R - Oui, quelles que soient les péripéties parfois difficiles à gérer, j'ai une grande confiance dans la puissance du mouvement de l'Union européenne.
Q - L'Argentine est également au bord du gouffre en matière de dette. Cela nous concerne tous. Encore une fois, on n'a pas l'impression en Europe que l'on se sente concerné. Vous suivez depuis des décennies la politique internationale, a-t-elle beaucoup changé ? A l'ombre de l'Argentine, cette mondialisation est-elle à gérer différemment aujourd'hui ?
R - Je ne pense pas que l'Argentine soit un exemple typique d'accident de la mondialisation. Mais, en revanche, il y a eu des politiques spécifiques à l'Argentine qui étaient erronées. Justifiées au début dans l'alignement du peso sur le dollar parce que cela a permis de terrasser l'hyper-inflation. Cela a certainement été poursuivi pendant trop longtemps ; il fallait casser ce lien, c'est évident. Je pense que les gouvernements argentins ne se sont pas attaqués aux maux structurels du pays.
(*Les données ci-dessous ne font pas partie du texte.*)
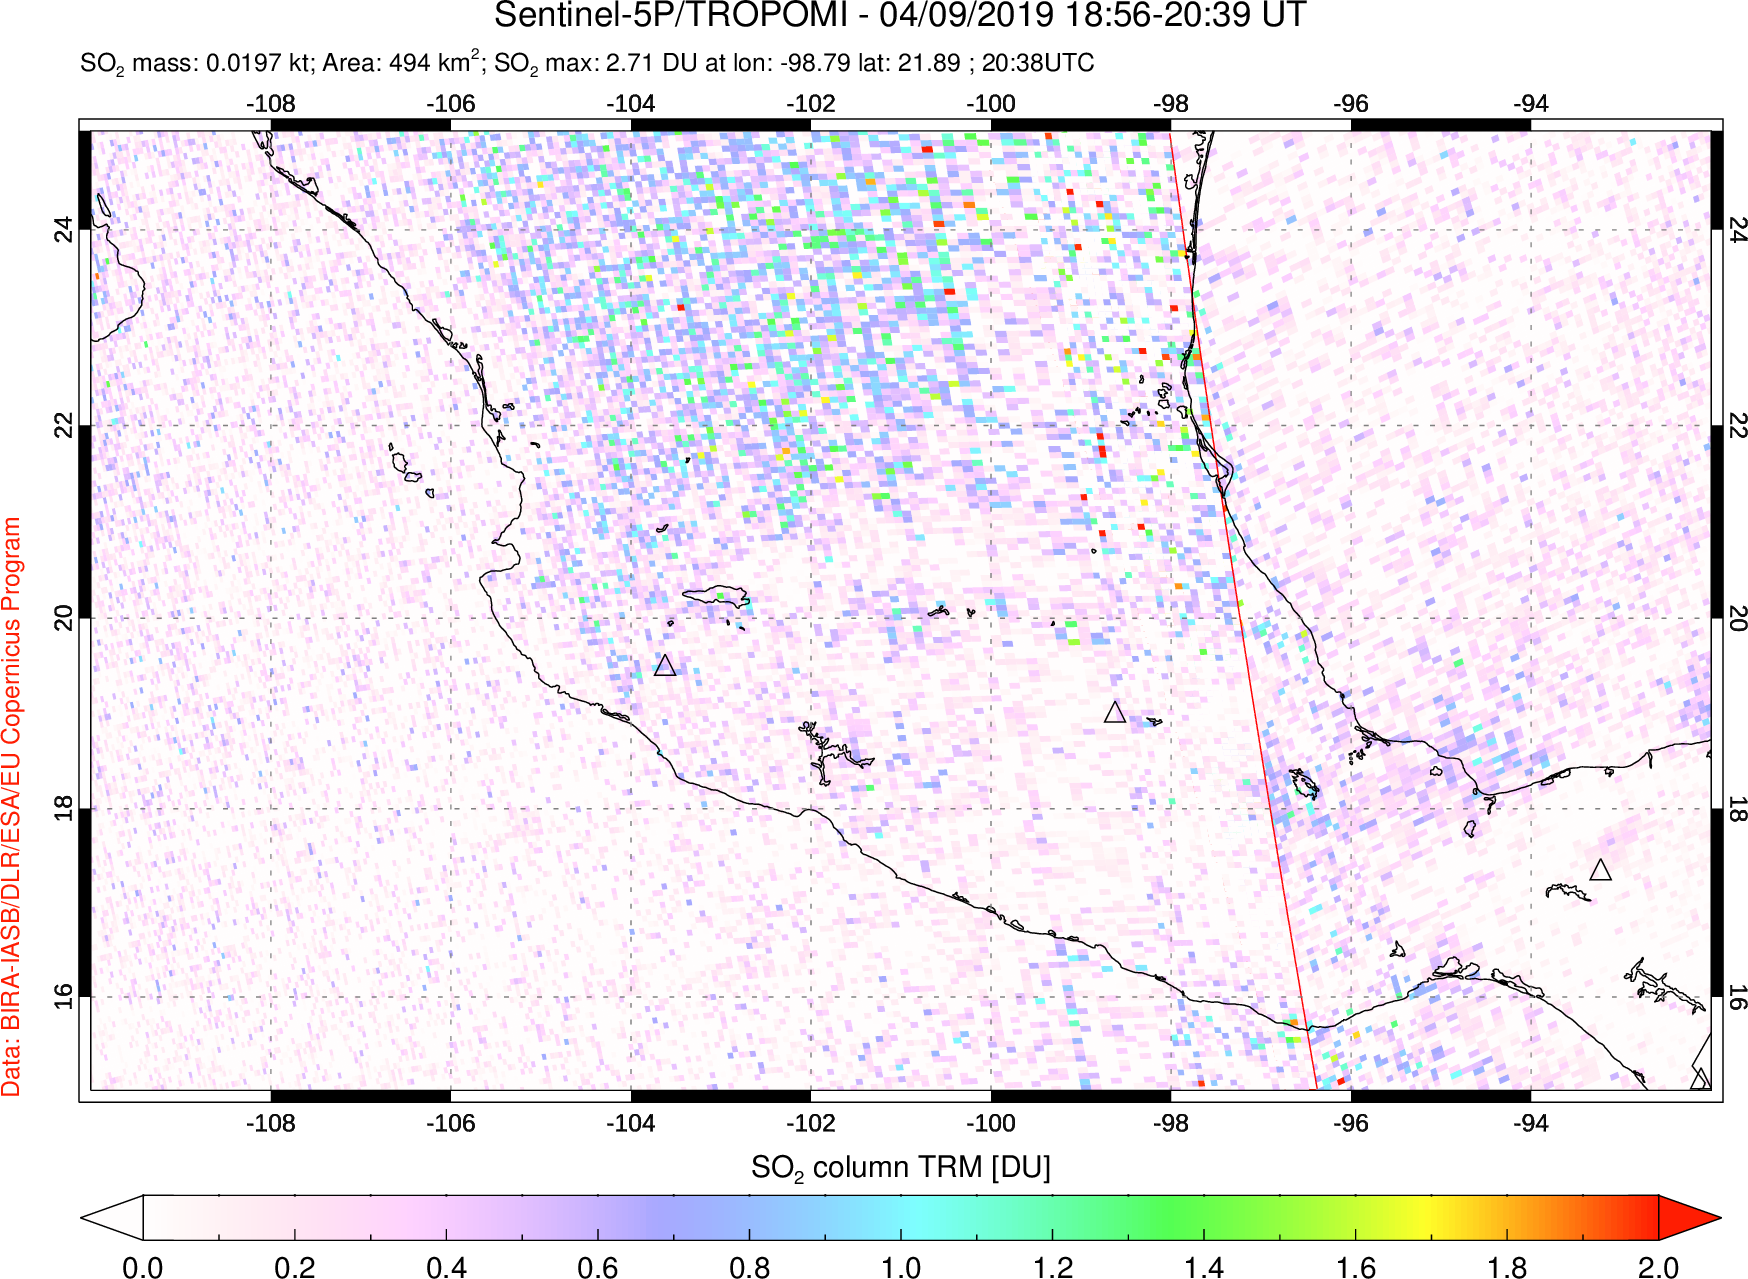 A sulfur dioxide image over Mexico on Apr 09, 2019.

C'est tout à fait clair.
Q - Un pays pauvre qui a voulu vivre comme les pays riches ?
R - Non, c'est un pays potentiellement riche, qui a été riche et qui a été ruiné par des événements extérieurs mais aussi par des politiques absurdes. Il faut un gouvernement courageux pour retrouver non seulement la confiance des partenaires extérieurs, des investisseurs, des créanciers, mais aussi la confiance des Argentins. Et beaucoup de choses malheureusement dans ce pays, à l'époque moderne, découlent du fait que les Argentins n'avaient plus confiance dans leur propre pays.
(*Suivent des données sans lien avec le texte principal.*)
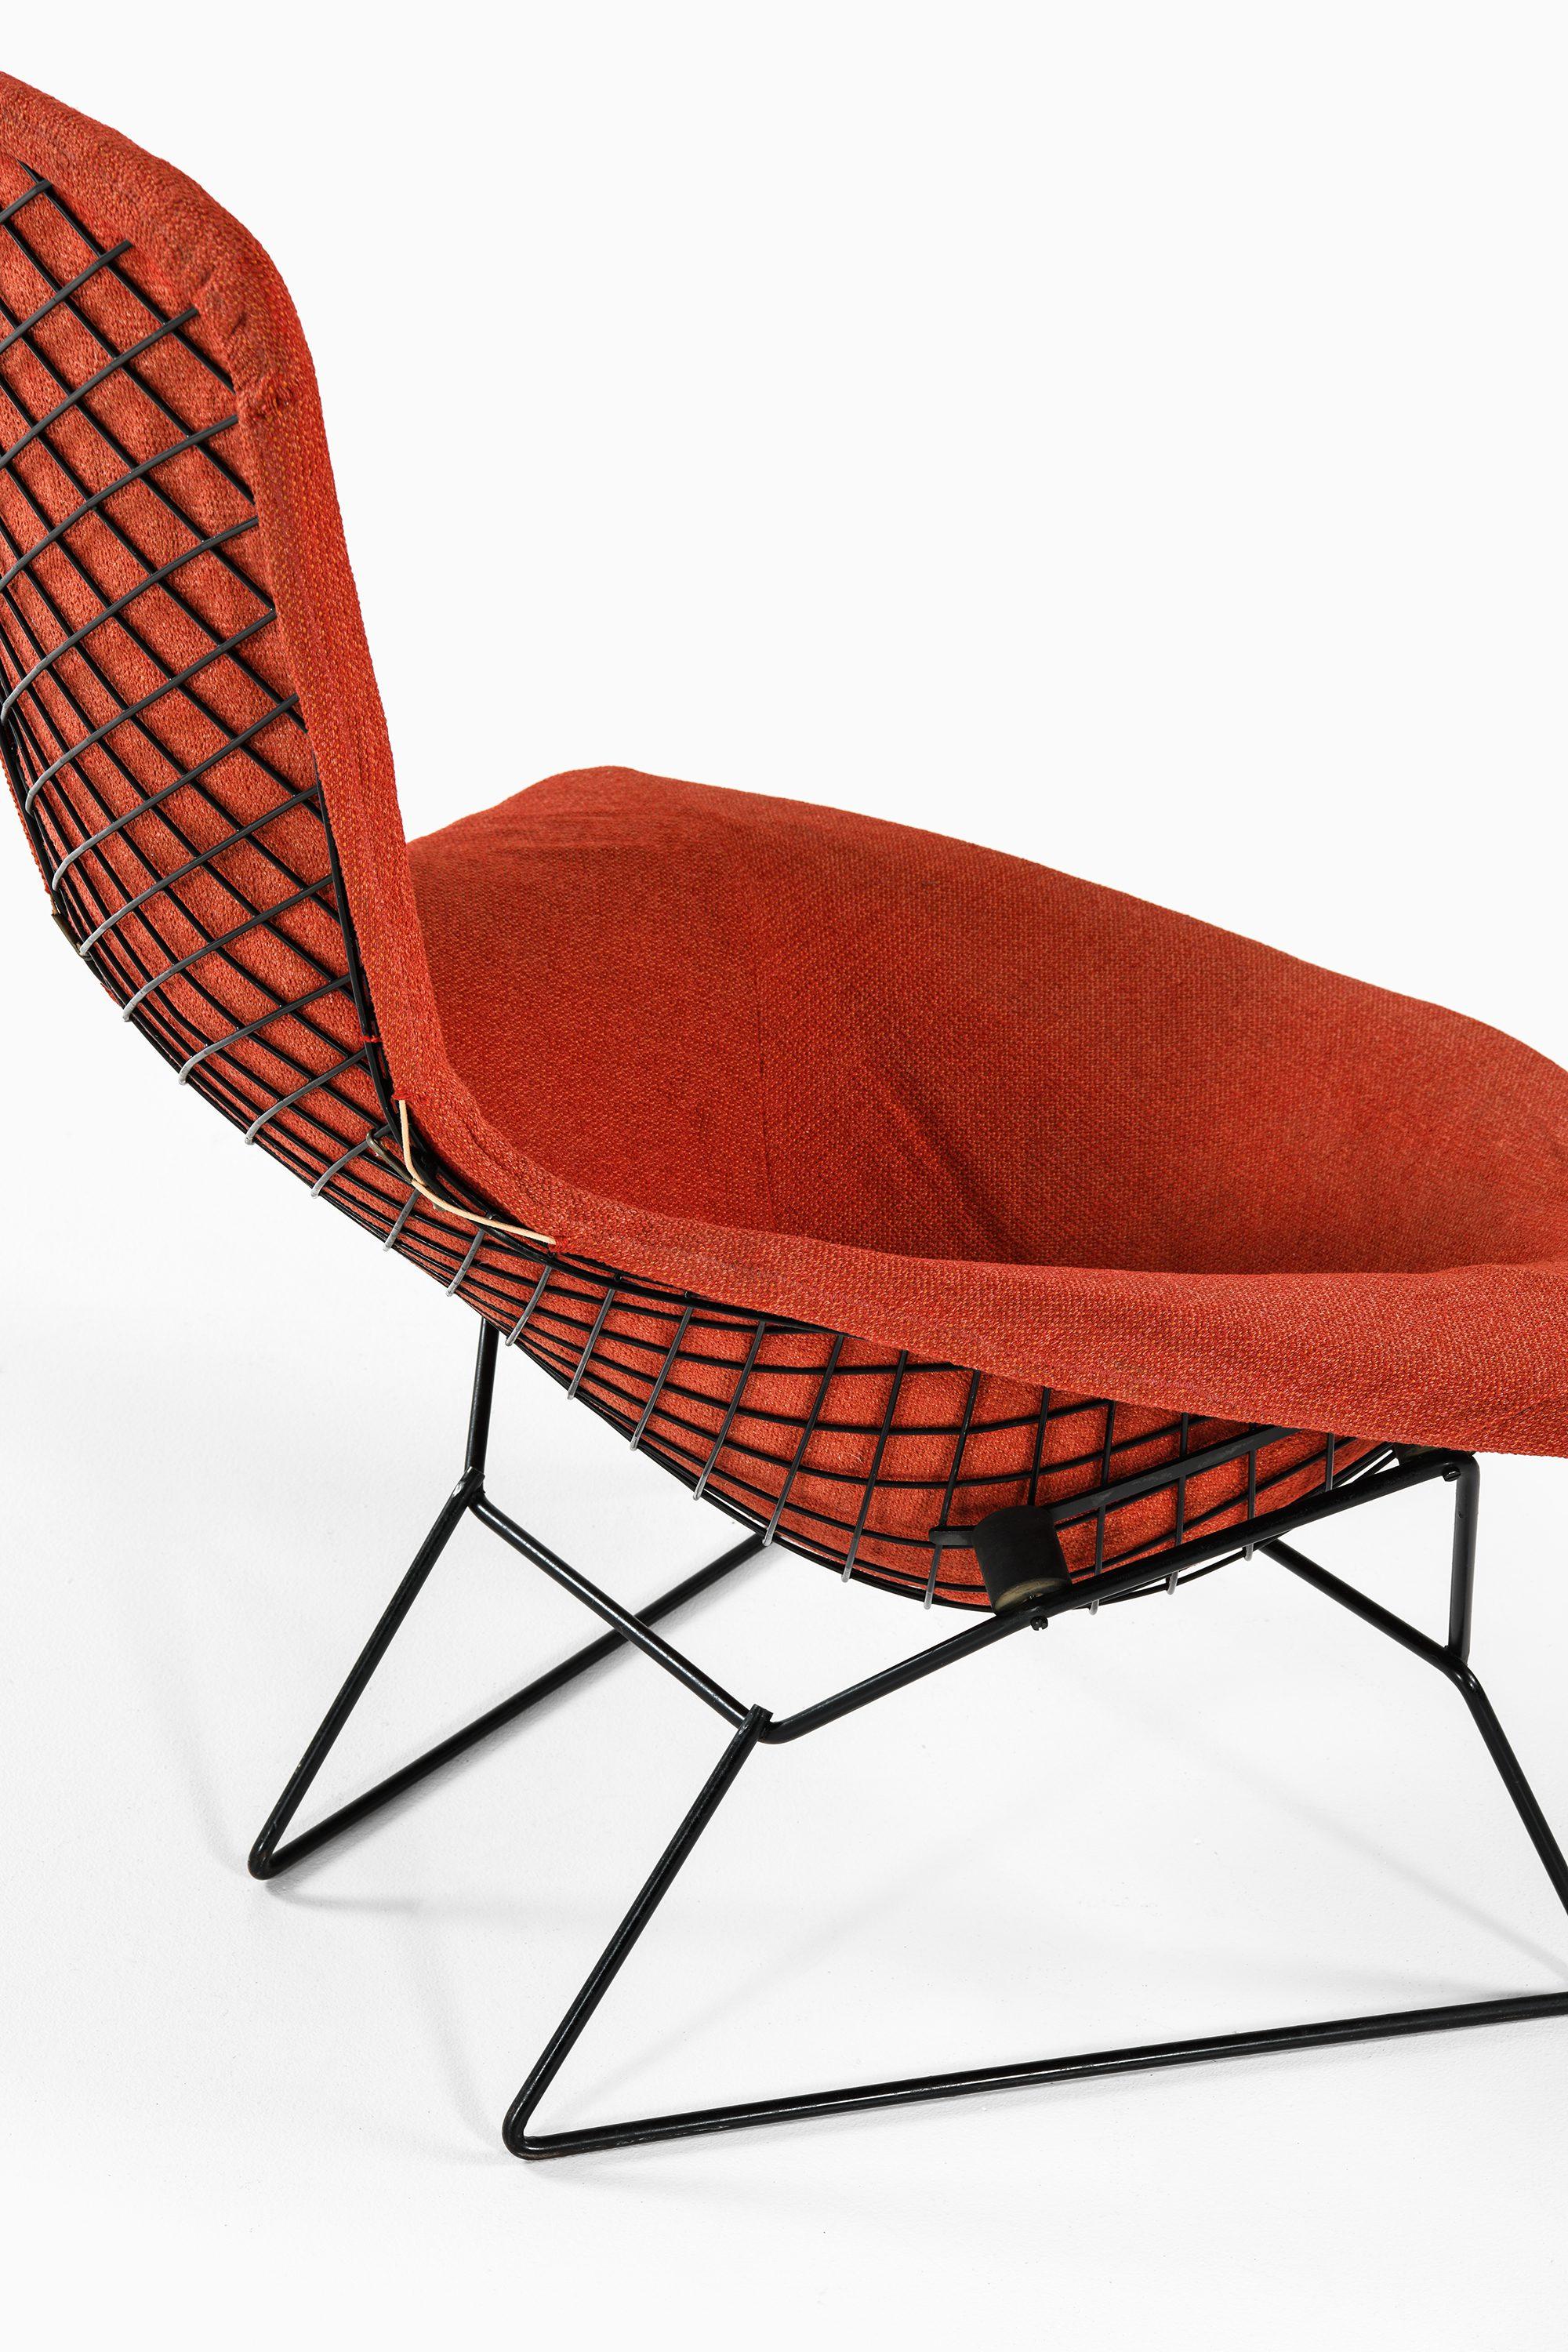 20th Century Easy Bird Chair in Black Lacquered Metal and Red Fabric by Harry Bertoia, 1950s For Sale

Il faut des choses simples. Il faut, par exemple, qu'il y ait une égalité devant l'impôt. L'une des choses dont le FMI ne s'est pas préoccupé, c'est que lorsqu'il imposait des mesures de rigueur qui étaient indispensables, il ne se préoccupait pas du tout de la façon dont elles étaient répercutées dans le pays, avec des conditions qui conduisaient politiquement à l'échec. Je crois qu'il y a une base pour que ce pays se reconstruise s'il est rigoureux.
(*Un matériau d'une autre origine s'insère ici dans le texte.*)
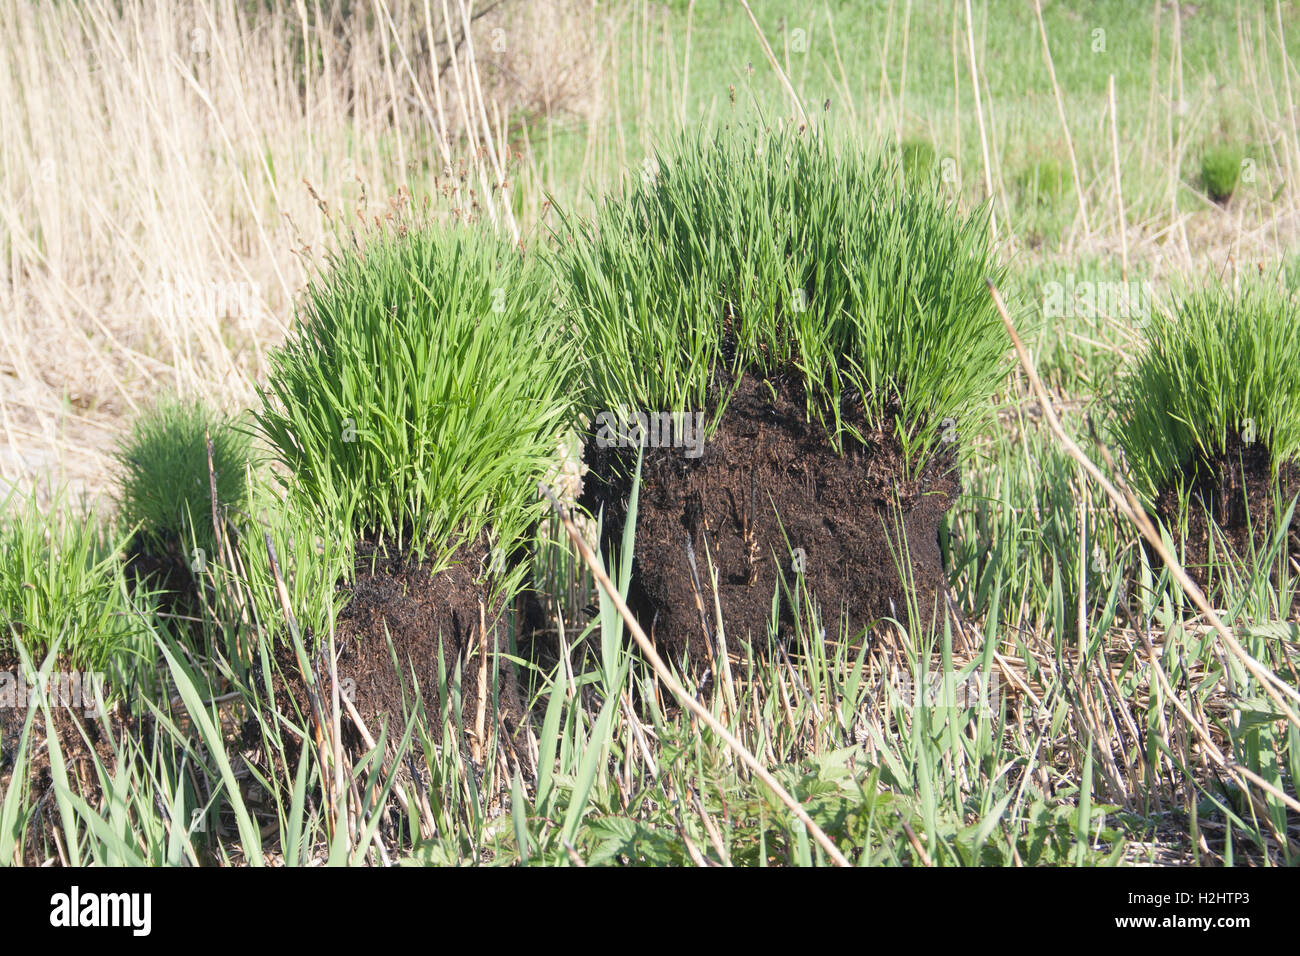 new green grass on brunt mounds Stock Photo

Mais ce n'est pas forcément l'une des démonstrations de la mondialisation. La France a une expérience, une tradition. Les Européens doivent se mettre d'accord et nous avons à parler à nos amis américains parce qu'il faut absolument les convaincre de se réengager dans un multilatéralisme que l'état du monde justifie. C'est l'un des grands sujets de la politique à venir.
Les anti-mondialisation sont trop systématiques. Ils posent souvent de bonnes questions, pour certains d'entre eux, ceux qui ne sont pas violents, mais ils n'ont pas vraiment de réponses. Ceux qui condamnaient l'OMC en tant que cadre se trompent, évidemment. Il vaut beaucoup mieux un cadre pour négocier que la jungle de la guerre commerciale. Comment introduit-on des normes dans la négociation commerciale ? Nous avons réussi à en introduire un petit peu à Doha il y a quelques temps. C'est un immense chantier pour la politique française de demain et pour la politique européenne de demain.